Wednesday, March 19, 2014

God's Greater love & My changing Heart

Wow! What a fabulous weekend I had. I can see God changing my heart. I am truly satisfied with healthier foods. I never dreamed that would happen! We went to Spokane for Hubby's birthday which is a scary situation for me. When I've been in healthy eating mode in the past I just tried to avoid any situations that were out of my control. I'm successful when I plan but feel overwhelmed when I'm facing with many decisions that don't "fit" my plan. Oftentimes I've given in to the lie that it's "just on this trip" "This is a special occasion". This time Made to Crave words played in my head. "compromise builds on compromise".
                       
                                                                        

I was blown away seeing God provide so many "healthy outs" for my eating options.

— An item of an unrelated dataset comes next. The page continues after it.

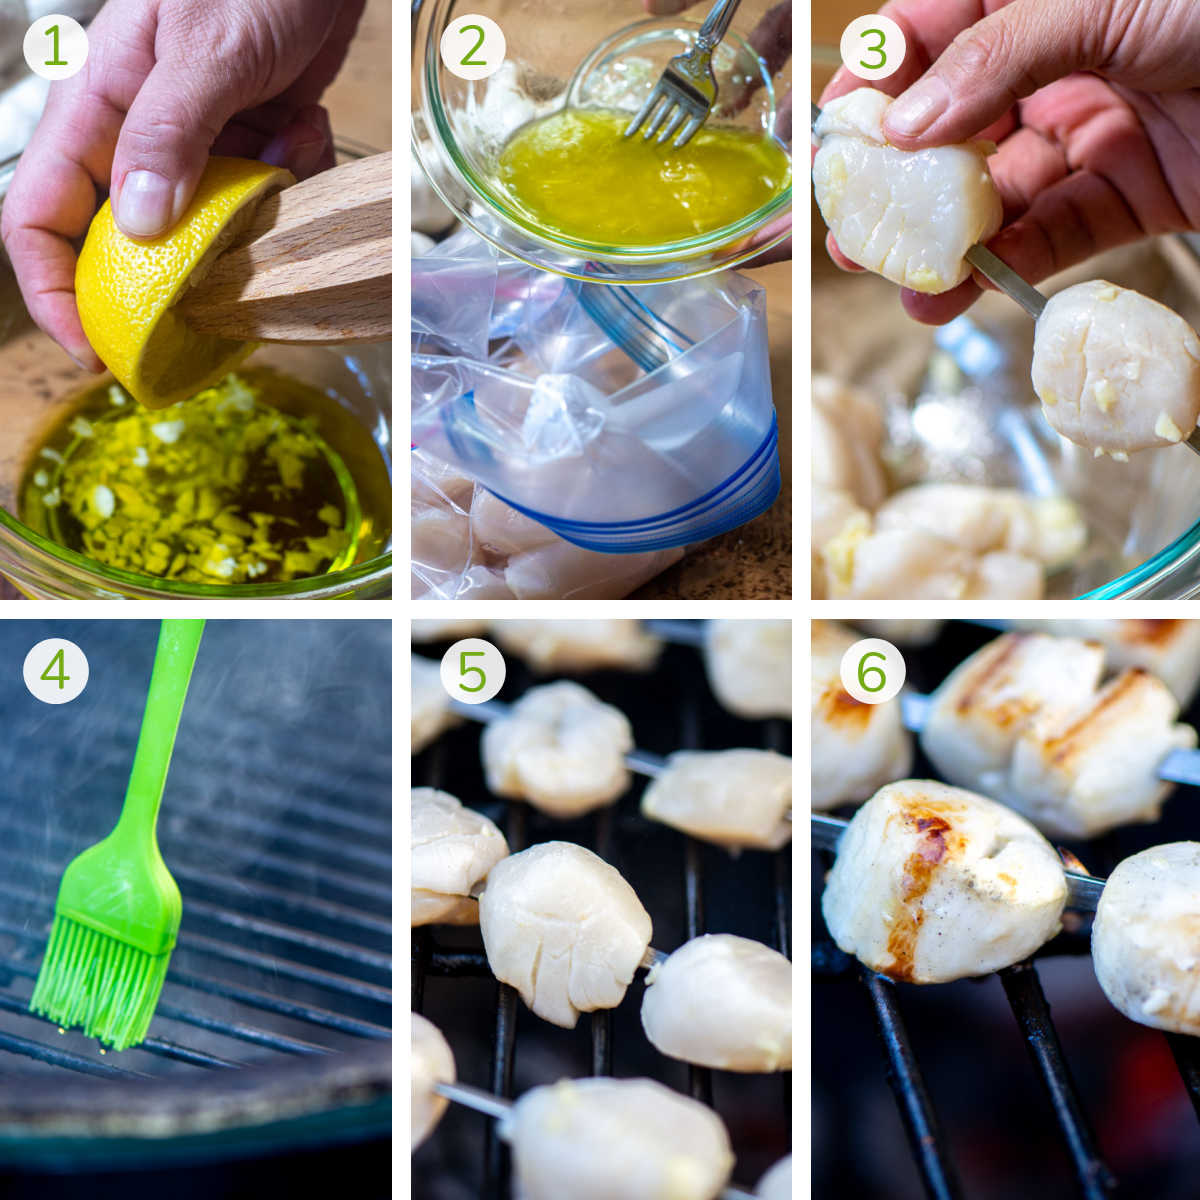 six process photos showing making the marinade, adding the scallops to the Ziploc bag, adding them to skewers, and then preparing and grilling.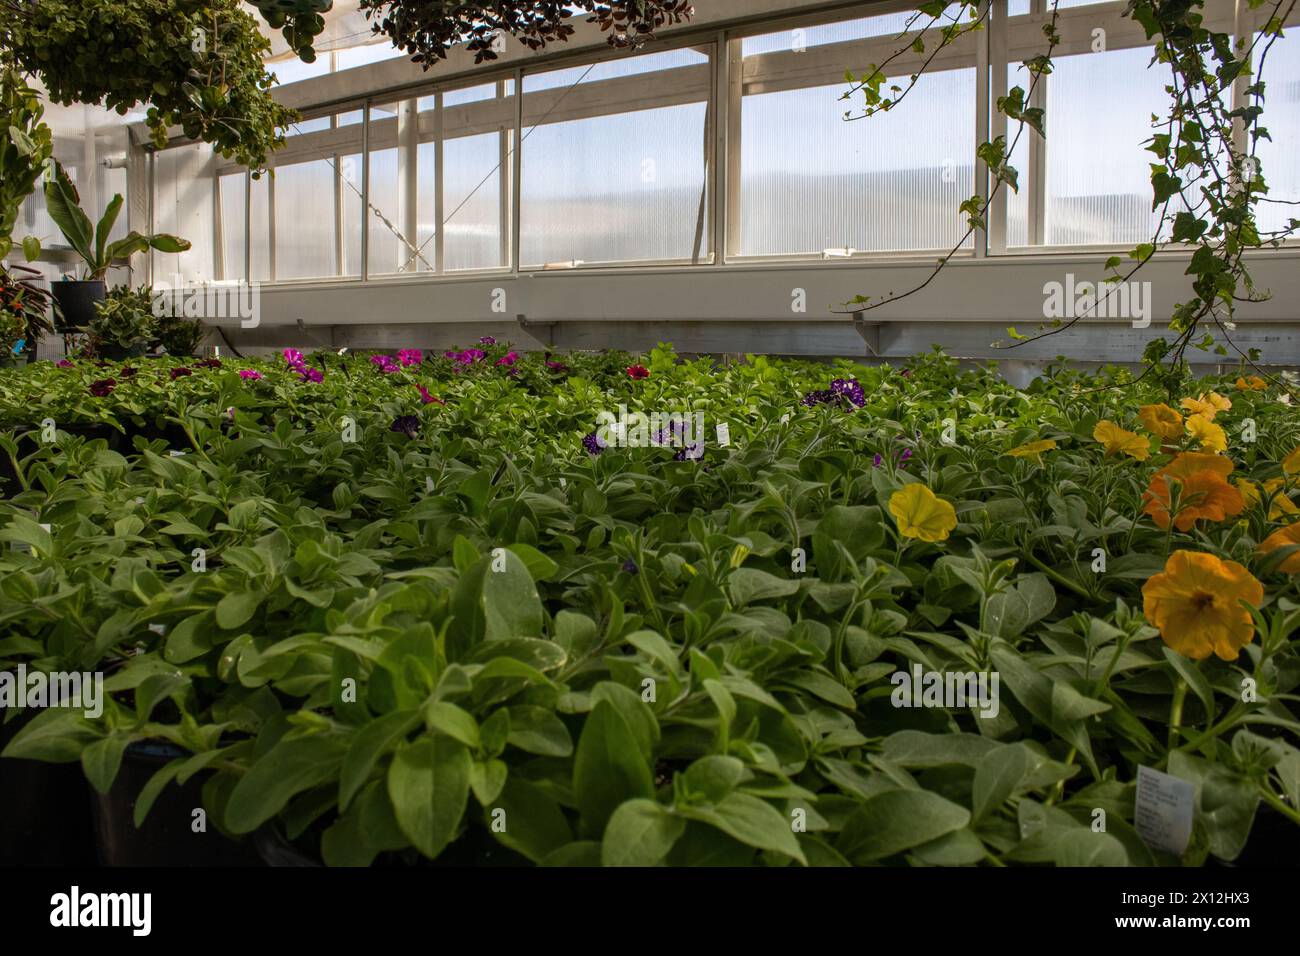 Lush greenhouse filled with colorful blooming petunias Stock Photo

For so many years I just haven't felt "worthy". I know God is super busy, right? He's dealing with wars and famines and truly BIG issues why would my food issues be of major importance? I felt guilty and unworthy to have to admit "God, I can't possibly do this on my own". Since yielding my food to Him I have seen his tender loving care in ways I never dreamed of!  I guess I'm just a slow learner because my whole life I've been reading how much God cares for me but I couldn't translate that from words to truly understanding it. God loves me so much that Hubby's first choice to eat at the buffet was discarded when we were in line with at least 25 people ahead of us waiting to pay. God loves me so much that I was able to enjoy some popcorn at the hockey game but then was prompted to hand it over to my husband to keep away from me. God loves me so much that I was able to eat Mongolian Grill and totally stay on my plan. God loves me so much that when I was tempted to eat a fried donut the steamer tray was empty. I can't even begin to imagine how many situations God has provided an escape route for me. Sometimes I took it, others I ignored him.
                                                                        
                                                                      

I am now defining my success not by dropping numbers on the scale, or shrinking inches but by my obedience to God. I am happily content. I'm not ecstatic about losing weight but feel contentment, peace and joy being obedient to God. It's a great place to be.

                                                               

                     

1 comment:

  1. Love this summary of all God's teaching you! It's a mighty work indeed!!! Thanks for being vulnerable in sharing. The encouragement and community has meant a lot!